CS 412/413
Introduction to Compilers
Spring 2002

Assignment 4: Dataflow Analysis and Optimizations

due: Friday,  April 5, in class

In this programming assignment, you will implement several dataflow analyses and optimizations. These will build upon the code that you wrote for previous assignments.

Assignment Description

You will implement a generic dataflow analysis framework and then instantiate it for several analyses: live variable analysis, available expressions, reaching definitions, and constant folding analysis. You will then use the result of these analyses to perform dead code elimination, common sub-expression elimination, loop-invariant code motion, constant folding, and strength reduction of induction variables.

The compiler will first parse the program, check for semantic error, generate intermediate code, and build the control flow graph.  When invoked from the command line, the compiler must support the following optimizations:

The compiler will perform the optimizations in the order they occur in the command line. The above arguments may be invoked multiple times in the same command line - in that case the compiler will execute them multiple times, in the order specified. It will only perform the analyses necessary for the optimizations requested.

Dataflow Analysis Framework

Your dataflow analysis code will consist of an abstract dataflow analysis class IC.DFA.DFAEngine, and an abstract dataflow information class IC.DFA.DFAInfo

The constructor of your dataflow information object must return the top element in the lattice, and must have a Meet method which takes another dataflow information object as argument and returns the meet operation between this object and the other object. It must also support an Equals method which tests if two dataflow information objects correspond to the same element in the lattice.

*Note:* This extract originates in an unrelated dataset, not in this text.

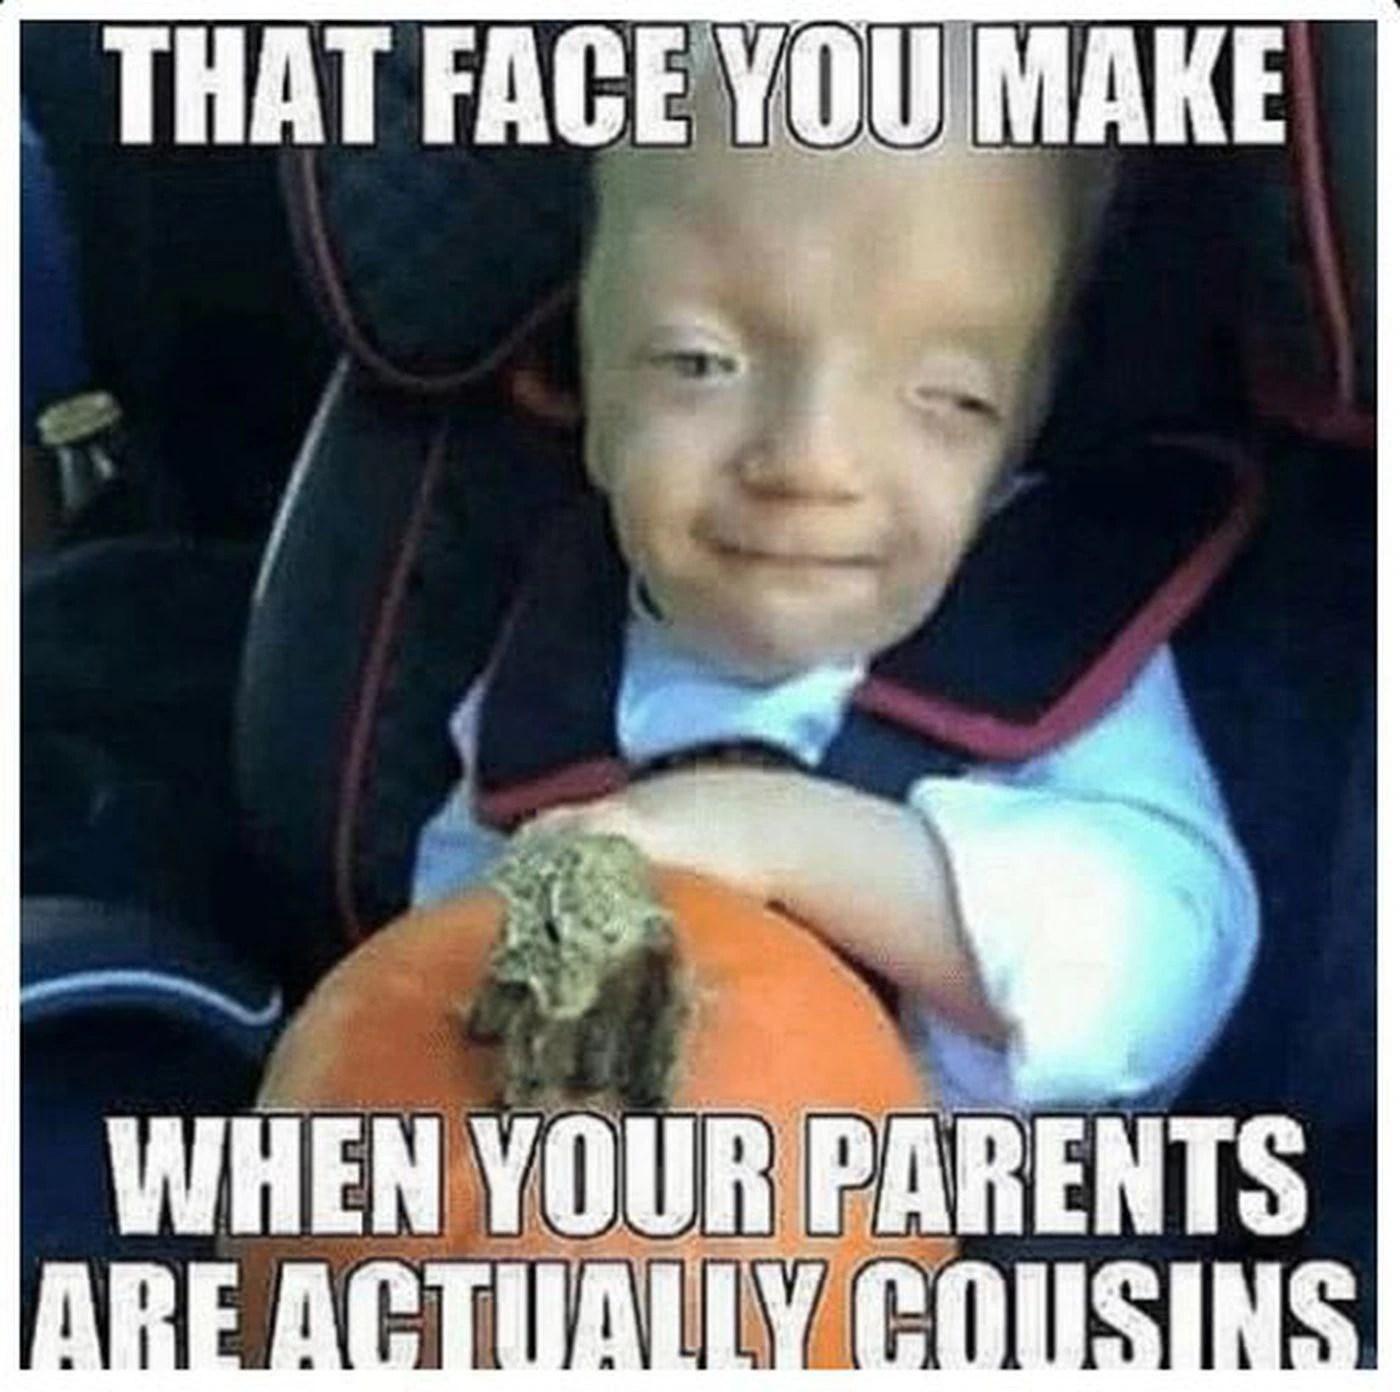 Alabama Toddler Targeted In Cruel Internet Meme
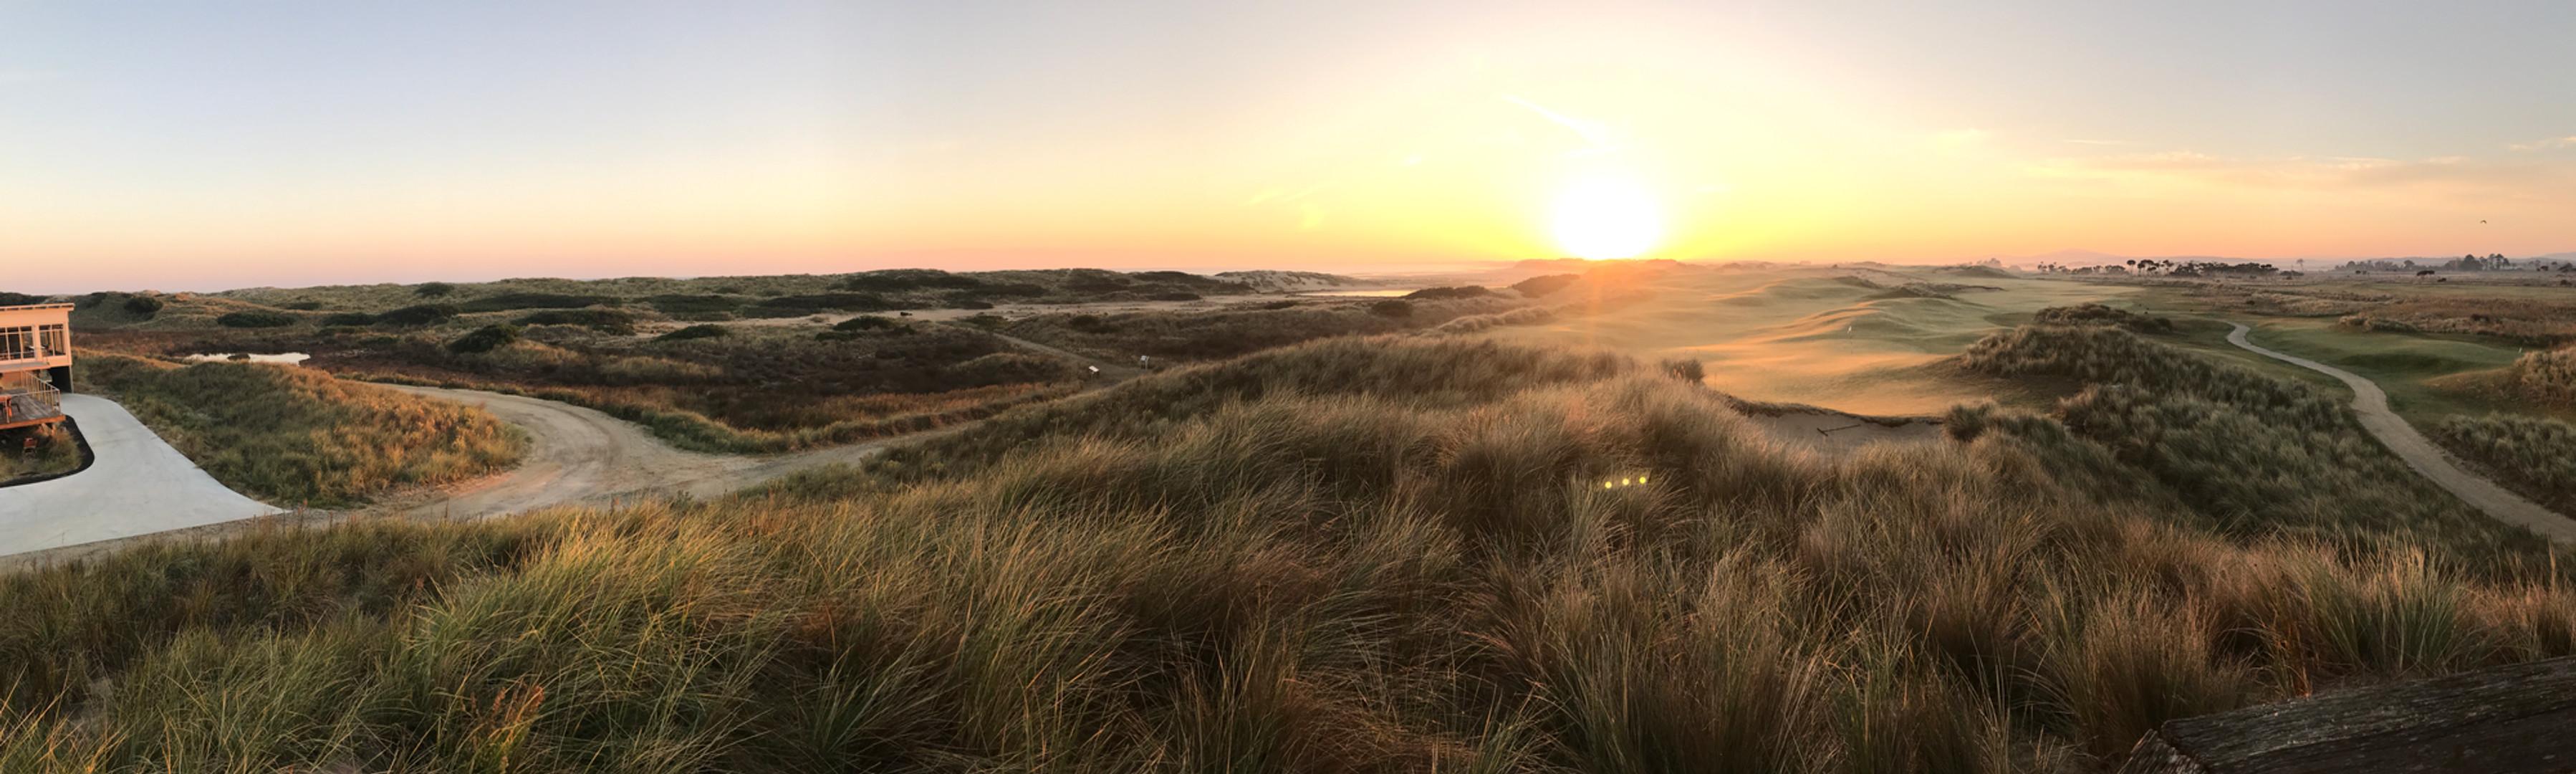 Barnbougle Dunes, Australia

The dataflow analysis class DFAEngine has a method Solve which takes as argument a control flow graph which iteratively solves the dataflow equations (using the worklist algorithm) and computes dataflow information at each program point in the flow graph. The dataflow analysis class also contains a TransferFunction method which models the transfer functions in the dataflow analysis framework. It takes a low-level IR instruction and a dataflow information object as parameters and returns the resulting dataflow information. You should allow your dataflow analysis class to be instantiated either a a forward or as a backward analysis. 

Analysis Instances

You will then use your dataflow analysis framework to implement several dataflow analyses and use their results for subsequent optimizations. There are four dataflow analyses that you will implement in this assignment:

  1. Live variables analysis - computes variables which may be live at each program point
  2. Available expressions -  computes expressions which are available in all executions of the program
  3. Reaching definitions - for each program point, it computes the definitions which may reach that point 
  4. Constant folding analysis - determines variables whose values are constant 


Next, you will implement the following optimizations in the compiler:

  1. Dead code elimination - remove code which updates variables whose values are not used in any executions. This optimization will use the results from the live variable analysis. 
  2. Common subexpression elimination - reuse expressions already computed in the program. Here you will use the information computed with the available expressions analysis. If an expression is available before an instruction that re-computes that expression, you have to replace the its computation by the variable which holds the result of that expression in all executions of the program. If there is no such variable, you will create a temporary variable to store the result of the expression.
  3. Loop invariant code motion - for a given loop, detect computation which doesn't change in different iterations of the loop and hoist that computation out of the loop. Use reaching definition information to determine loop invariant code. You also need to identify loops in your flow graph; for this, add loop information to your basic blocks: each block will had a reference to the loop header block of the innermost loop, and each loop header block will keep a list of all blocks in its loop body.
  4. Constant folding - use the results from constant folding analysis and replace each constant variable with the computed constant.
  5. Strength reduction of induction variables - detect induction variables in loops and replace expensive multiplication operators on these operations by semantically equivalent code which updates induction variables using addition instructions.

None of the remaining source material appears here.